Вся власть - поэтам!

Камилла Хаген
За большим столом Мосгорсовета
Собирался кружок "Вся власть - поэтам!"
Приближалось начало двадцатого века,
И в моду входили права человека.

Первый из них отвечал на вопросы:
Стройный, высокий, черноволосый,
С голосом громким и крепким словом,
Умён, но совсем ещё
не
  об
    ра
      зо
        ван.


"Гражданин Маяковский!" - обратились к поэту, -
"Считаете Вы: вся власть - советам?"
"Разумеется, так", - отвечал им оратор, -
"Говорю, как политики
эк
  за
    ме
      на
        тор."


Гражданка Ахматова встала со стула
(Тоскою и грустью за нею пахнуло),
Говорила о травах, их благоуханьи,
Пушкина, Лермонтова изгнаньи.


Тихо, бесшумно и не хорохорясь,
Вдруг зазвучал чей-то ласковый голос:
"Я не вами больна, и мне нравится это.
Вы не мною больны - вы больны поэтом."


"Вы правы, Марина", - услышали Блока,
Оторвавшись от чтенья его "Незнакомки", -
"Нас не возьмёшь чужеродной болезнью,
Наш посмертный диагноз - поэзия."


Минуту спустя зазвучала программа,
Вышедшая из-под пера Мандельштама:
"Что делать мне с ним, с дарованным телом?
Просто существовать?
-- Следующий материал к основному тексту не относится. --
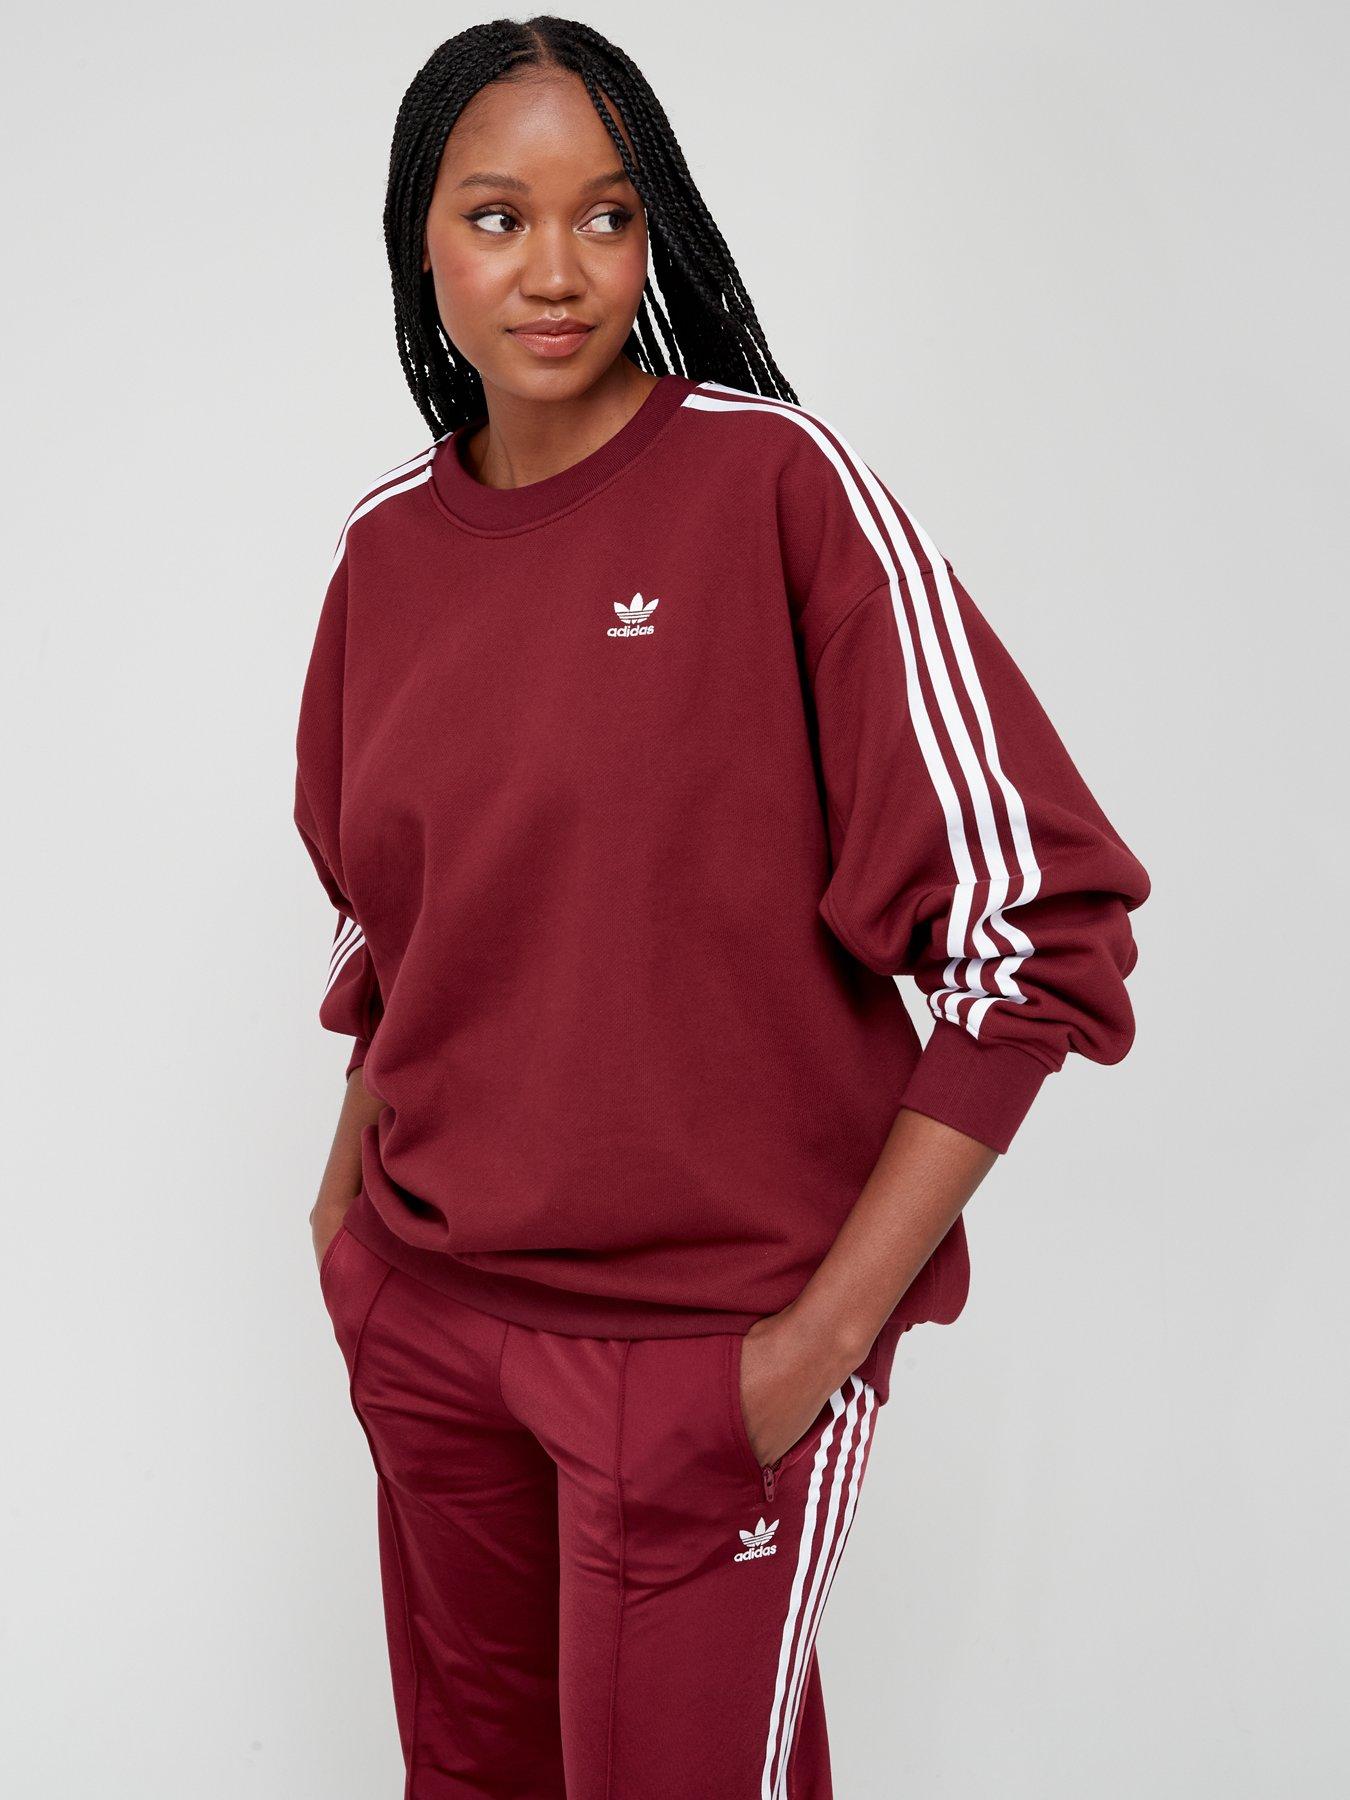 Womens sports clothing | & leisure | Adidas originals | www.littlewoods.com

Это
ос
  то
    чер
       те
         ло!"


Философия смолкла. Предоставили слово
Николаю Степановичу Гумилёву:
"Не всё мы, поэты, в этой жизни умеем,
Но то, что выходит у нас - совершенно."


Не то из Калуги, не то из Рязани,
Желтоволосый, с голубыми глазами,
Голосит: "Гой ты, Русь, моя родная!
Не видать и конца, не видать и ни края..."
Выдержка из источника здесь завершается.